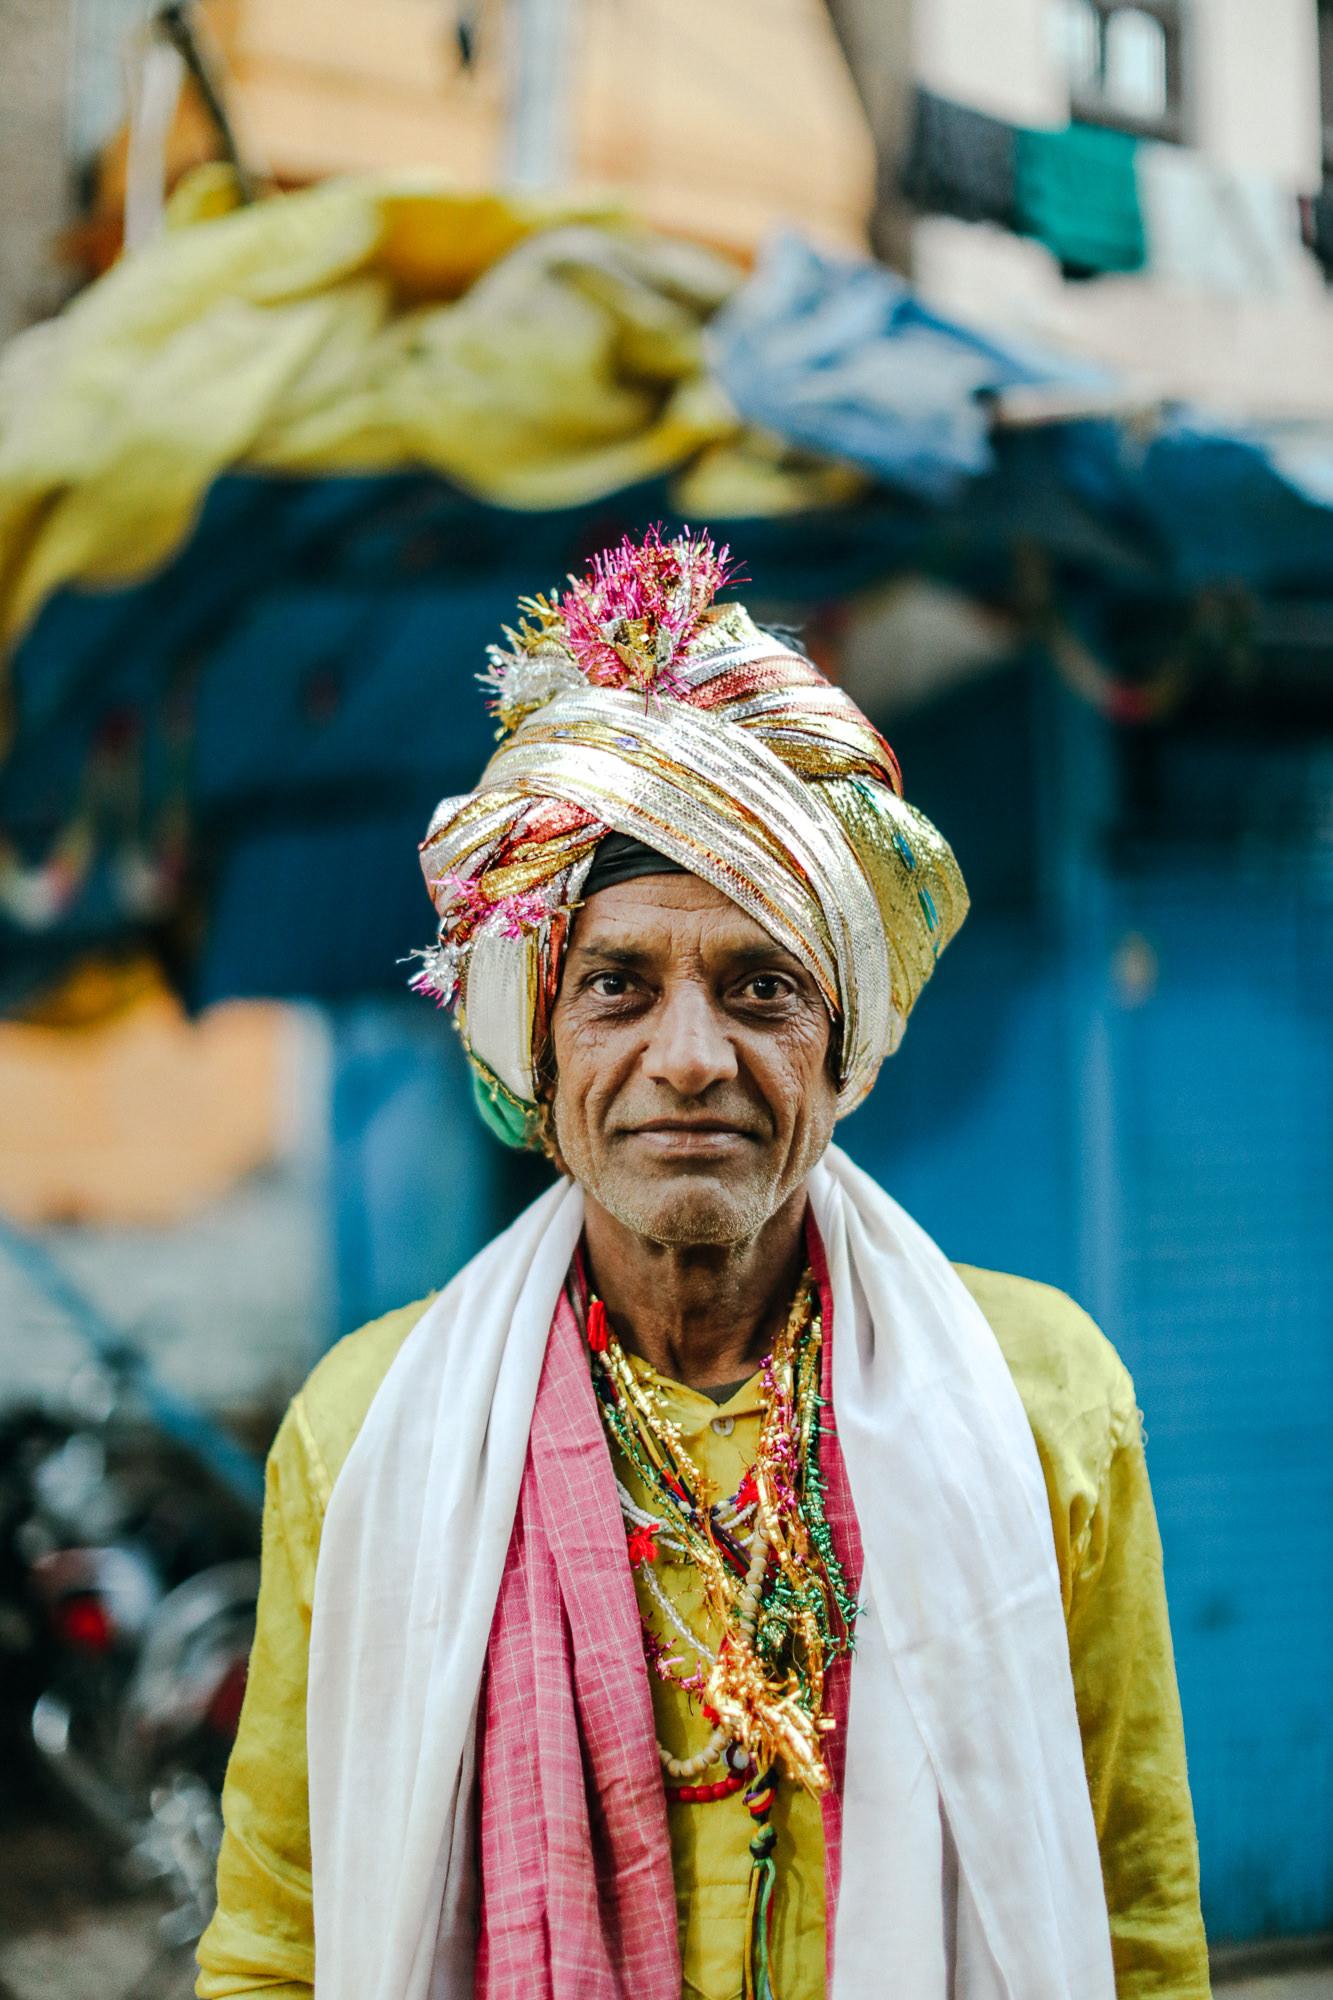 Categories: Honeymoon-Honeymoon - Rajasthan & Jaipur by Lara Hotz
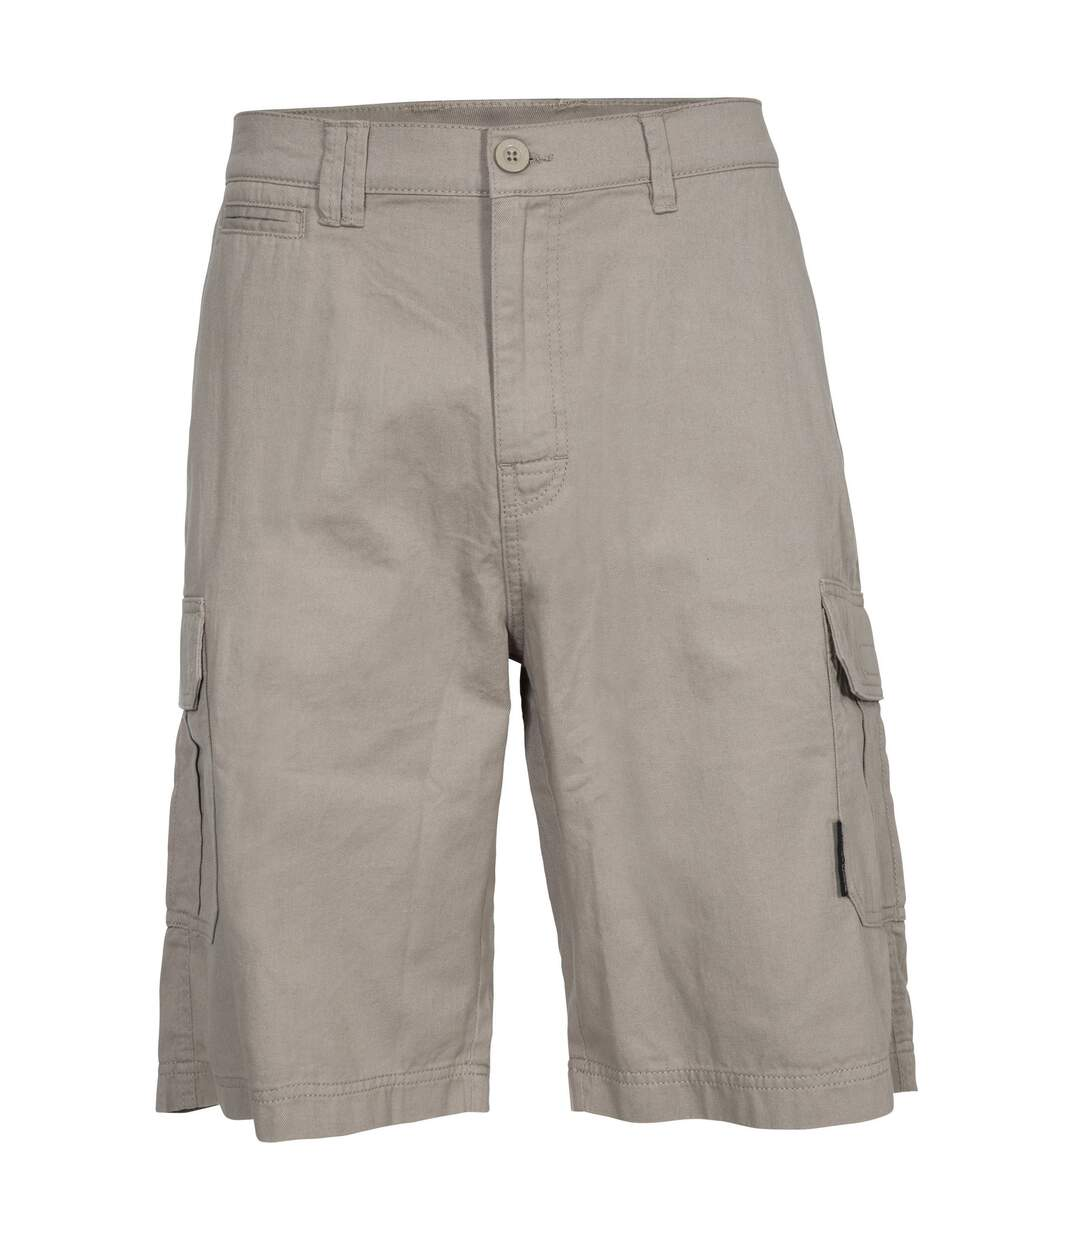 Shorts Trespass Gally Homme Gally
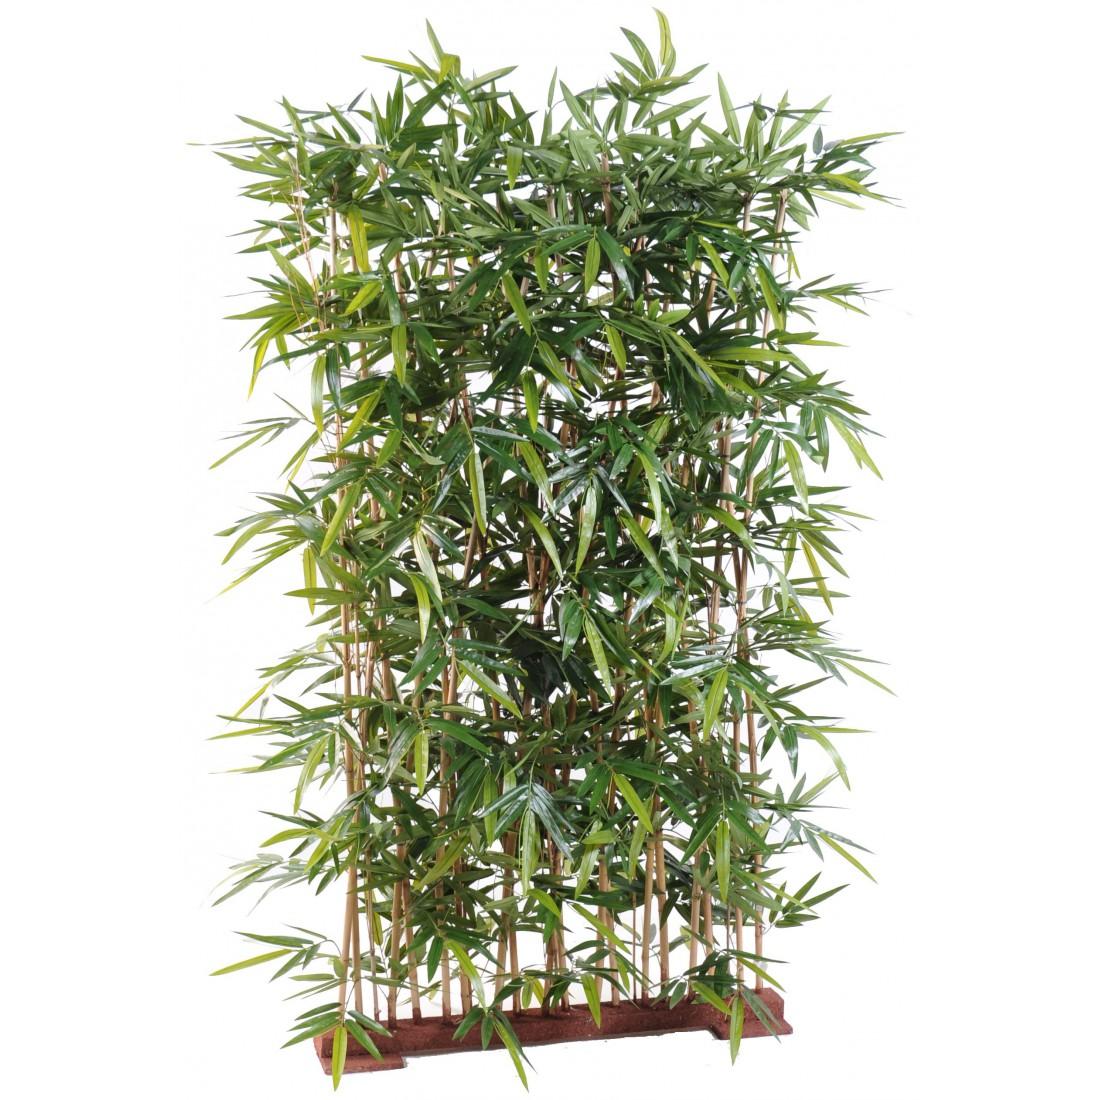 haie artificielle bambou new dense 180 cm topiaires. Black Bedroom Furniture Sets. Home Design Ideas

*****

**Exercise instructions:**
Emit an exact copy of the lines from the line bearing "Shorts Trespass Gally Homme Gally" through the last line above, inclusive, and leave the images out.

**Result below:**
 Shorts Trespass Gally Homme Gally
 haie artificielle bambou new dense 180 cm topiaires. Black Bedroom Furniture Sets. Home Design Ideas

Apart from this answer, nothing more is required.